Posted in Uncategorized with tags , , , , , , , , , , , , , , , , , , , on February 7, 2007 by uglydudefood

Sour Grapes

Posted in fiction, food with tags , , , , , , , , , on May 11, 2004 by uglydudefood

We met in the supermarket. She was pushing her baby along in the shopping cart, which was stuffed with disposable diapers, jars of Gerber, diet pop, and TV dinners. I rolled my cart full of canned goods and bottles of liquor next to her cart and parked it. She was filling a small produce bag with sour grapes. I didn’t need any fruit at my apartment–I subside mainly on condensed soup and Jim Beam–but I was so smitten with the blonde beauty that I had to pretend. Inspecting nearby melons, I casually wandered closer and closer to my unwitting crush. As I meandered towards her, I noticed a tiny stud in her left nostril, glistening with the light of the produce department. She was my kind of girl, the type that probably had pink hair and a bad attitude in high school. I began filling a plastic sack with cherries, not cognizant of the actions of my hands. My eyes and my mind were on only one thing: the stunning vision in front of me. She couldn’t have been over twenty-one, but the lines on her face showed a wisdom–a wisdom that probably came from raising a child at such a young age.

“Hi.” The angel’s song had come from over my shoulder. I spun around, probably much too quickly to seem as suave as I thought I was, and made the first eye contact. Her blue eyes shot daggers right into my own, and instantly I was awestruck. Unable to speak, I sent a smile and a nod in her direction. She opened her mouth to speak: her gorgeous pink lips, contrasting beautifully with her white face, lifted to show pearly, white teeth. “I couldn’t help but notice that you’ve really been stocking up on the cherries there.” For the first time, I looked down at the basket of my cart. I had filled four produce bags with bright red cherries. The gorgeous, pale-skinned maiden arched her golden eyebrow at me as I brought my eyes back upwards to hers.

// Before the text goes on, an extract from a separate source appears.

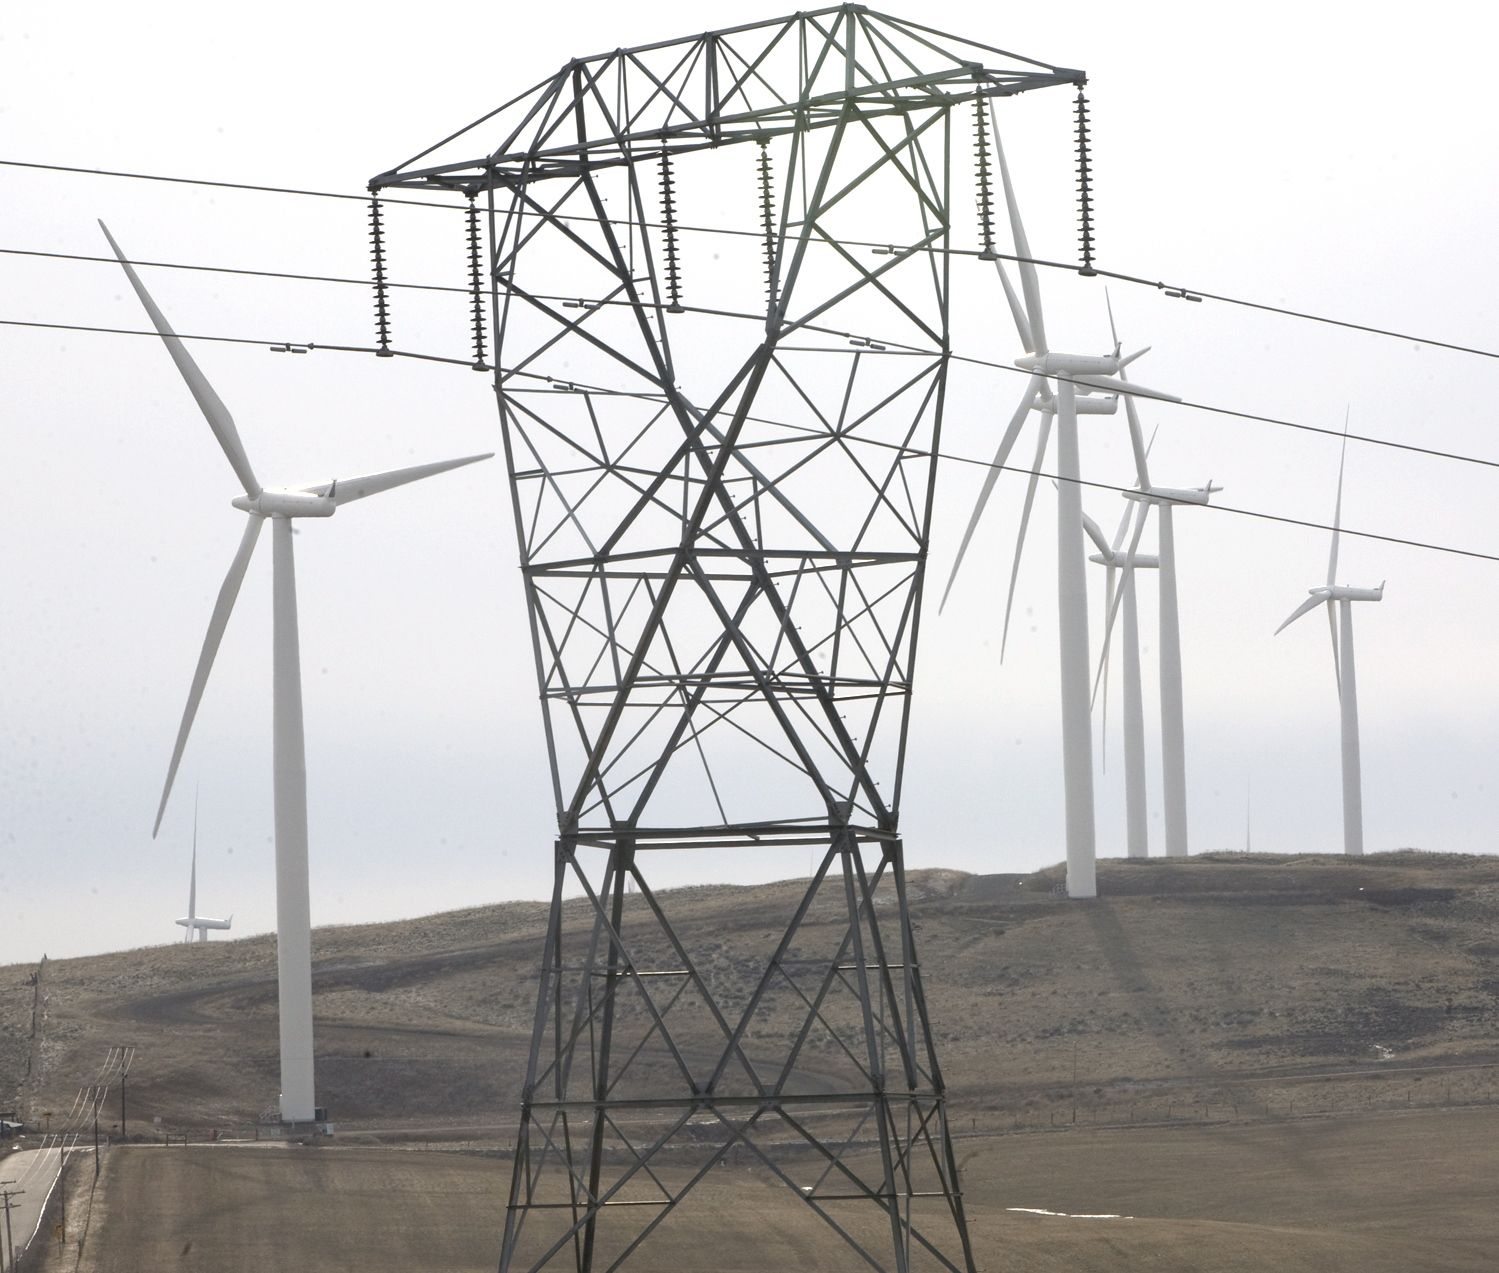 Power lines near Goldendale are at capacity because of power being generated by area wind turbines.

“Yeah,” I assented. “I love cherries. Keep a man healthy, wealthy, and wise.” Did I actually say that? I did–but what did I mean by that? Obviously, living in isolation for three years had dulled my wits to the point where I could no longer think on my toes. I looked at the girl for any sign of disgust or distaste, but I received instead a wide grin and the sight of rosy, blushing cheeks.

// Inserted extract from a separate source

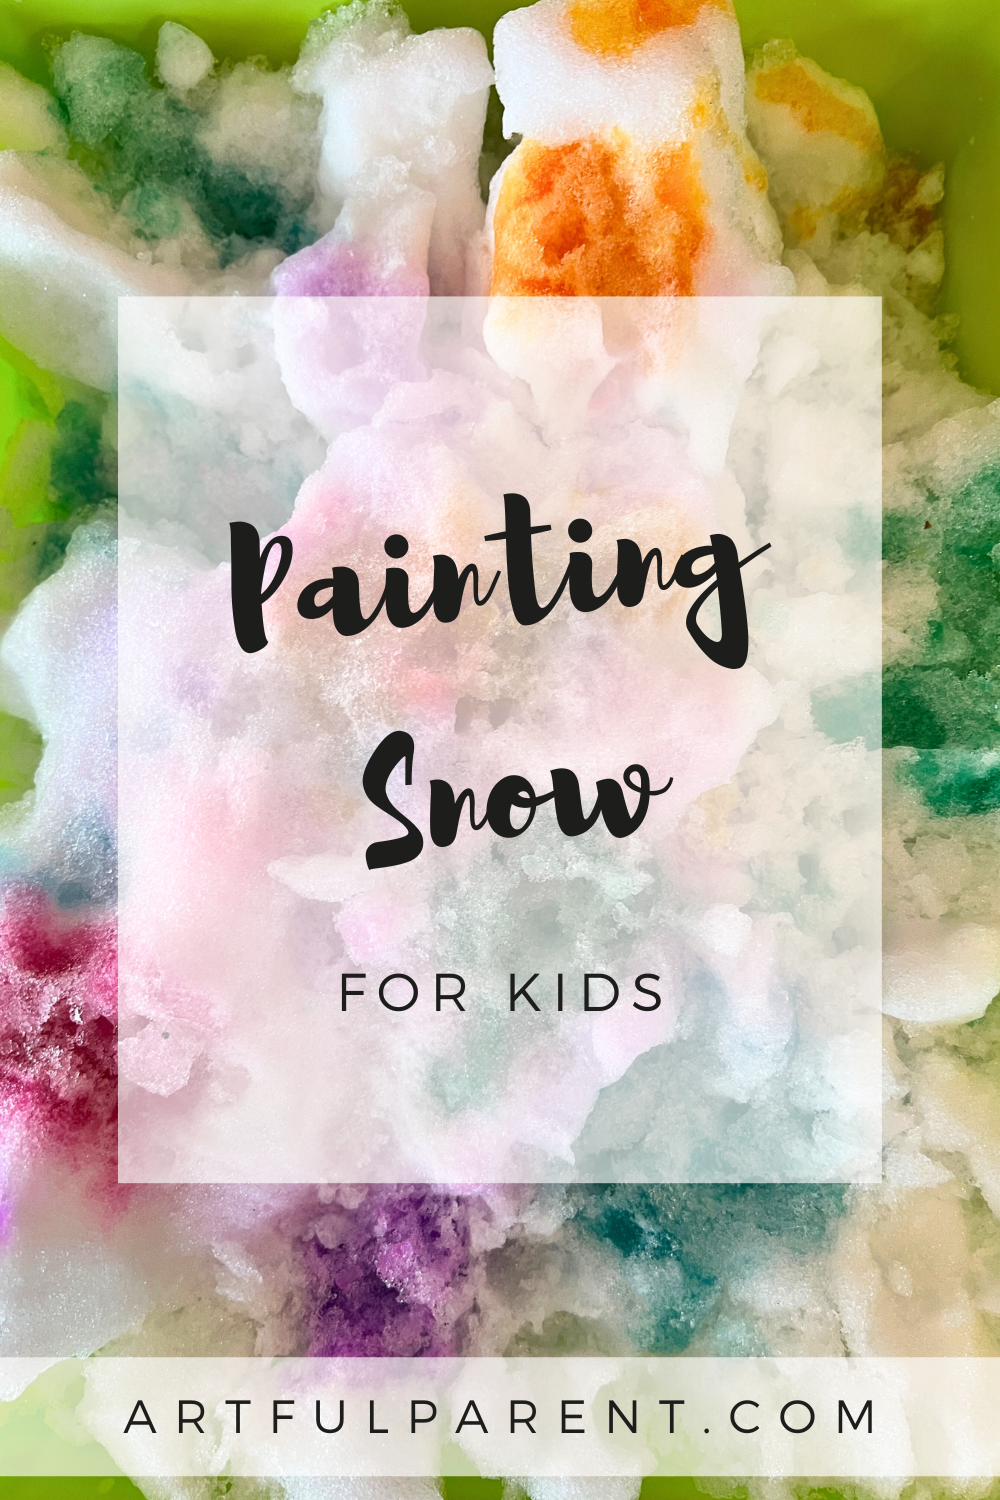 How to Paint Snow for Kids

She introduced herself as Kate, and I did the same. Then, when I realized what I had said, I introduced myself properly. My bumbling mistakes must have seemed like well-timed jokes to the girl, because she just wouldn’t stop smiling at me. I was in love with this girl already, and I had only known her for all of thirty seconds.

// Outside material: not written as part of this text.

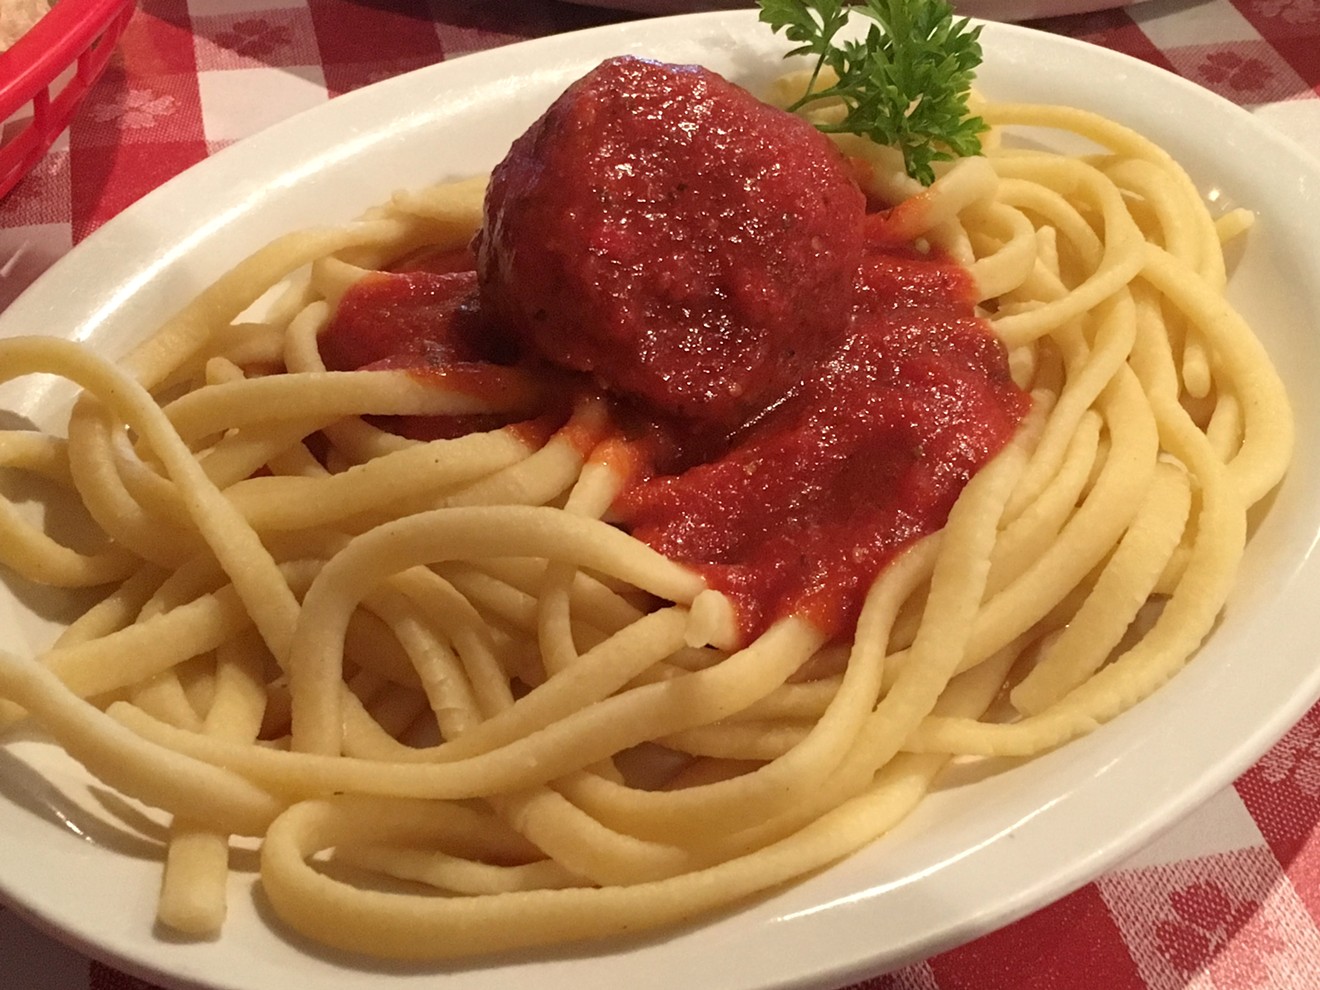 The "homemade noodles" plate at Dino's comes with sausage or a meatball and a side of extra sauce.

“Anyway,” she said, “the reason I approached you is that while you were busy grabbing fistfuls of cherries, you accidentally grabbed my baby’s pacifier from her mouth. It’s in one of those bags, and I wanted to know if I could get that back.” I was dumbstruck as I stuttered an apology and fished through the heaping bags of fruit. Eventually, I came upon the pacifier and plucked it from its red grave. The girl snatched the pacifier from my hand and thanked me with a smile. With that, she wandered away towards the deli with bawling child in tow.

I dumped the multiple bags of cherries back into their green bin and walked away, red with embarrassment. I quickly paid for my alcohol and soup, rushed out to my car, and sped away. While driving, I realized that the events such as the grocery store incident were the reason I live alone and only leave to work and shop. I got back to my slum of an apartment, locked and deadbolted the door, and went immediately to sleep.